Я не буду оценивать, что получилось у Спинозы с его этикой more geometrico. Спиноза — слишком высокий смыслообраз в культуре, чтобы позволять себе юношескую улыбку по поводу наивности его «математики в морали». Но «идея» приложения математики к морали все же осталась «в мире знания», и сегодня она уже настолько опасно вооружена, что улыбка романтика сбегает с нашего лица. Кибернетический экстаз обладает гипнотической силой, и математическая логика не ведает ни страха, ни почтительности перед проблемами этики. Поэтому на восклицание читателя:

— Какой же Лейбниц имагинист? я отвечаю:

— Тем не менее это так.

Указанные мною образцы философской мысли Лейбница, Фихте, Гегеля, Канта — стимулированы имагинативным разумом, хотя нам кажется, и мы даже в этом убеждены, что они только плоды отвлеченного теоретического разума.
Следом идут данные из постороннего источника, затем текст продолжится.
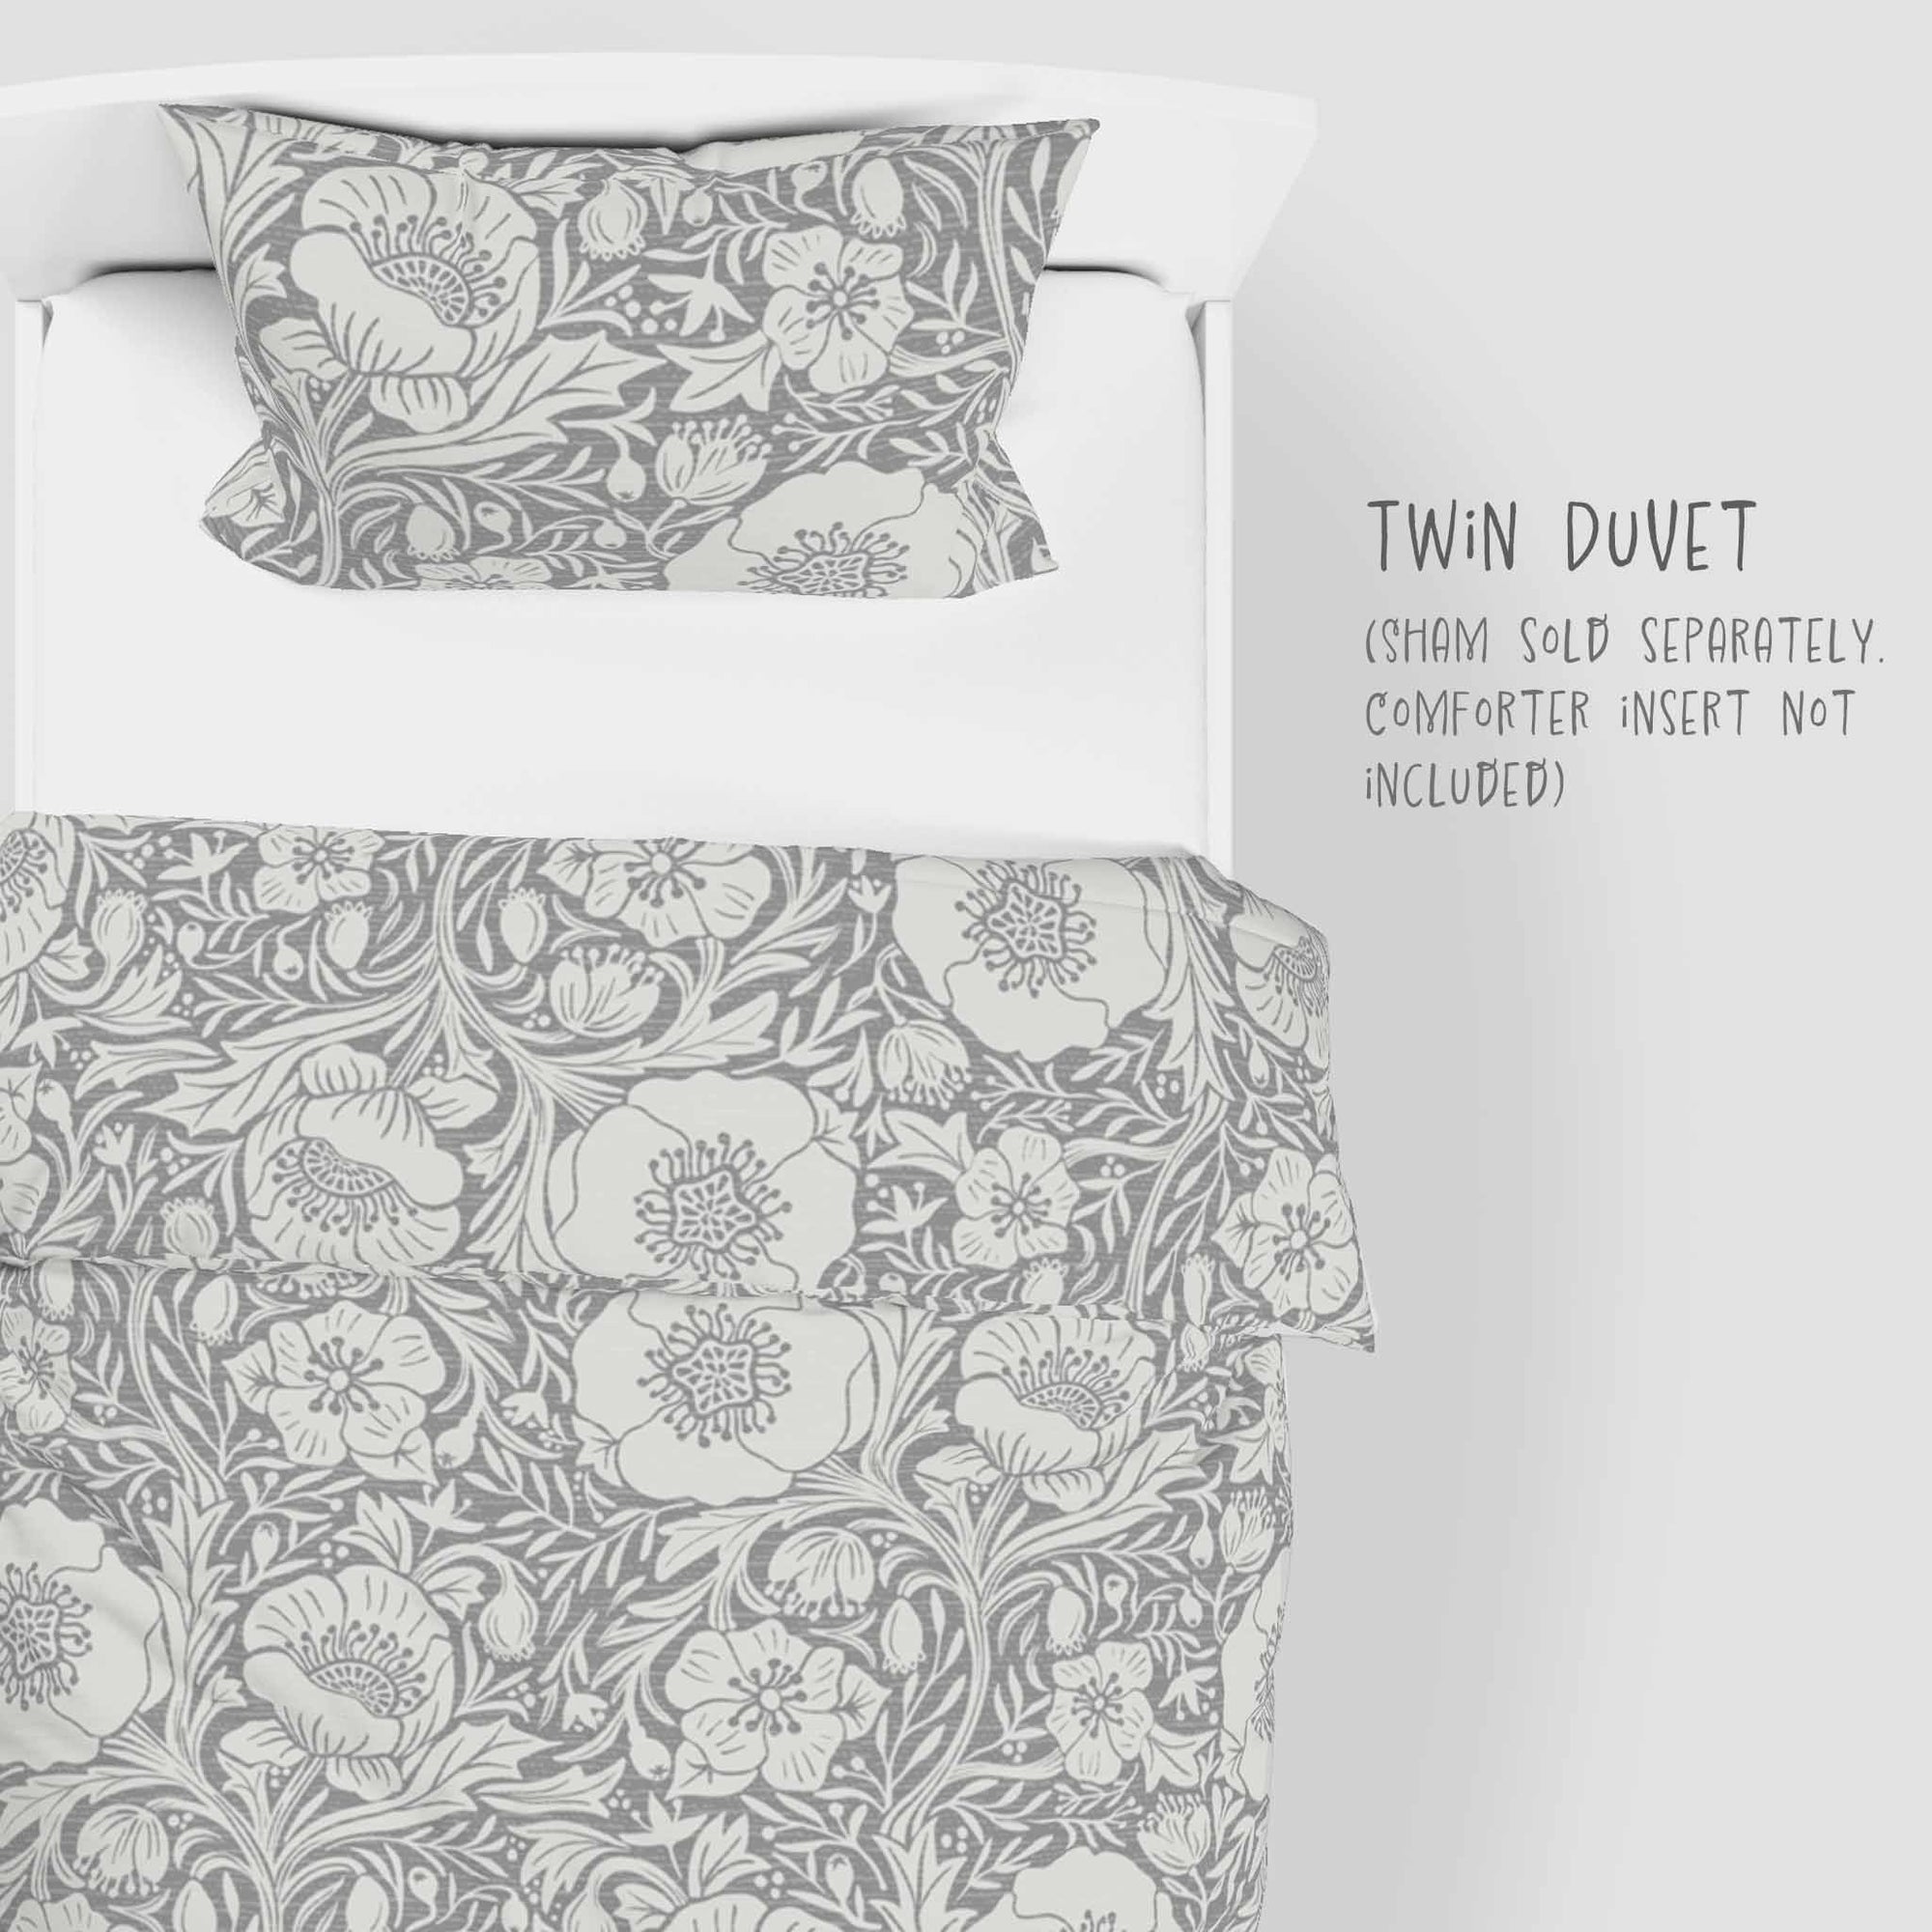 Poppies on gray background 100% Cotton Duvet Cover: Twin and Twin XL sizes.

И что особенно поражает в этих сочинениях, так это то, что и сам теоретический отвлеченный «чистый» разум служит часто, особенно у Канта, смыслообразом для имагинативного разума и что и его, кантовский, рассудок с категориями времени и пространства как с формами мышления, и его непостигаемая «вещь-в-себе», которая существует — по Канту — в интеллигибельном мире (для нас: в имагинативной реальности, т. е. в имагинативном мире как «ге-aliora» воображения), — все это тоже только смыслообразы культуры, воплощения культуримагинаций философии Канта. Разве «монада» Лейбница не такой же «смыслообраз» имагинации? И разве «феноменология» у Гегеля и ее «Дух» не два смыслообраза того самого «Духа» как Имагинативного Абсолюта, того высшего инстинкта культуры, которому посвящено мое сочинение? И разве мое сочинение не выступает сейчас перед вами как новое достижение Имагинативного Разума, раскрывающего смысл истины, как истины искусства философской мысли?
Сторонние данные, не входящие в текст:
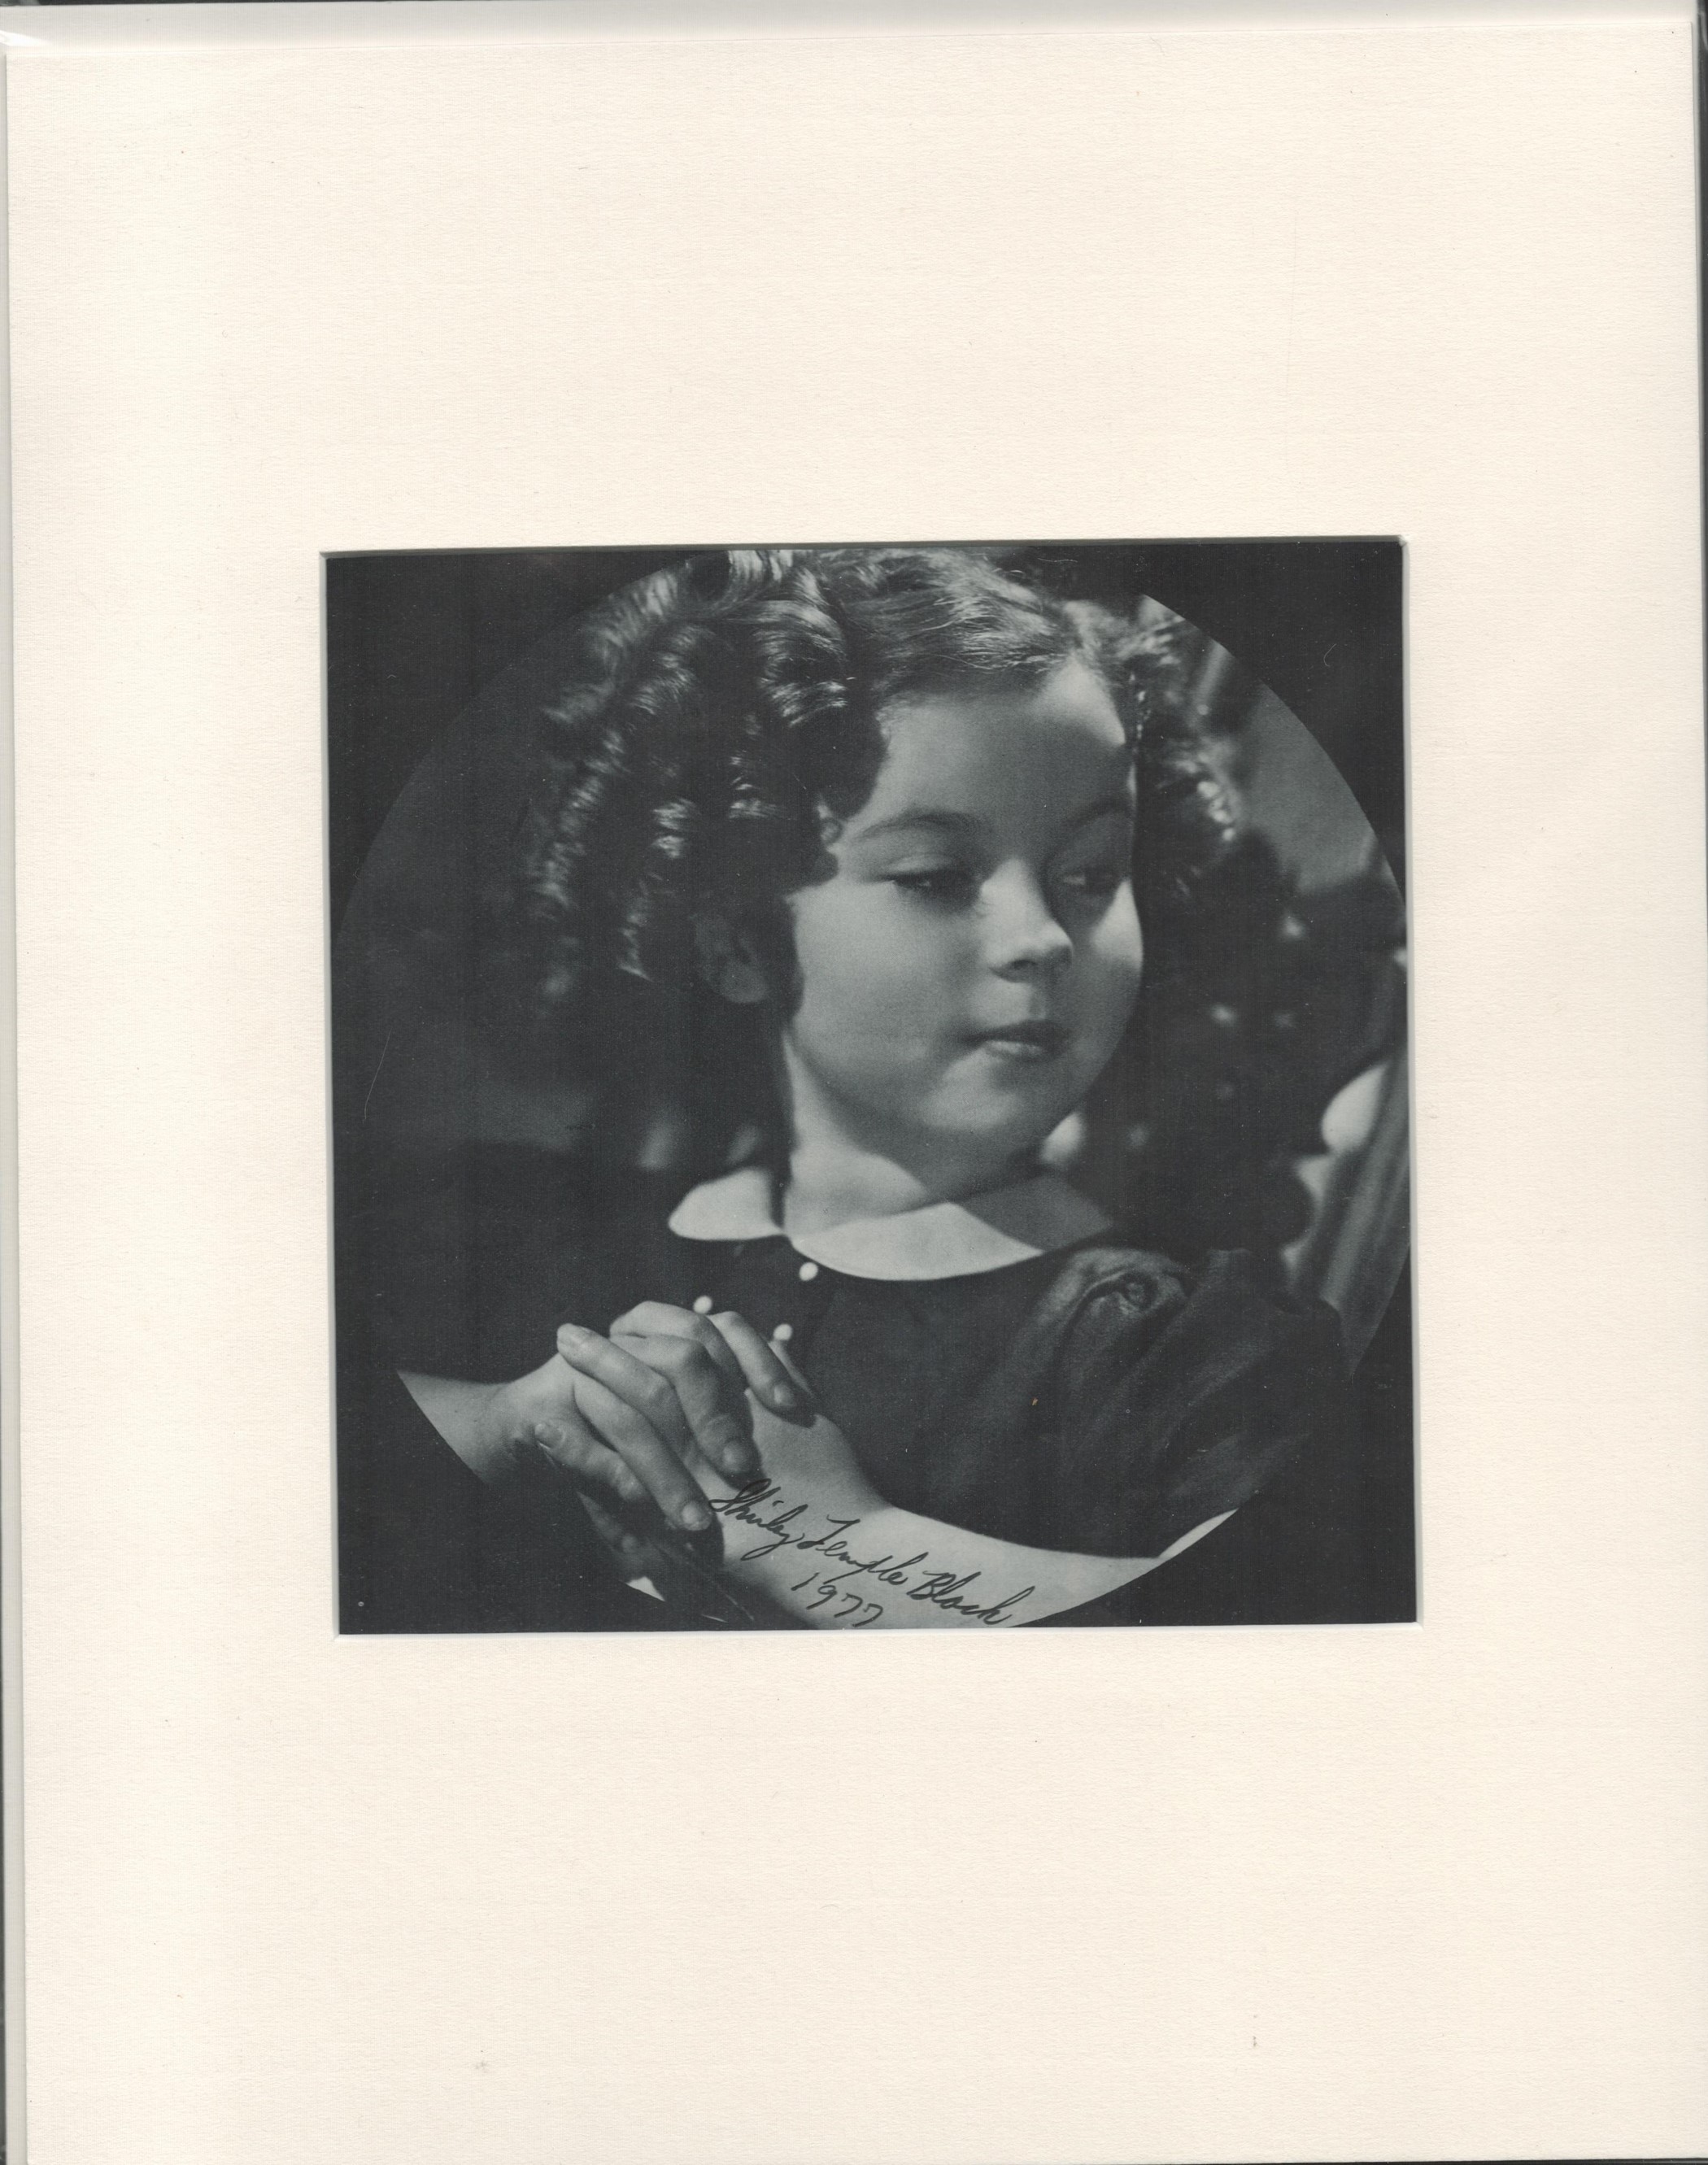 Shirley Temple Black signed 14x11 mounted black and white photo dated 1977. Good condition. All

III. Имагинативным реализм как подлинный реализм культуры

Вступление

Сперва об имагинативном реализме в искусстве, мифе и сказке, когда чудесное воспринимается как реальное.

Античные мифы и созданная на почве этой мифологии эллинская поэзия — эпос, драма и хоровая лирика — могут служить высшим образцом наиболее глубокого художественного реализма, которому мы можем дать наименование: имагинативный реализм.

Споры о реализме в литературе, отличие реализма от натурализма (здесь всегда сбиваются и путают реализм и антинатурализм); то обстоятельство, что в реализме классика и романтика налицо одновременно, находит свое разрешение в понятии «имагинативный реализм». Мы можем высказаться о частичном отличии натурализма от реализма, но это отличие будет лишено строгости. Натурализм — явное стремление выразить полное обнаружение предмета как явления: дать все его детали, т. е. дать сумму фактов или признаков, теряя целое, непосредственно схваченное.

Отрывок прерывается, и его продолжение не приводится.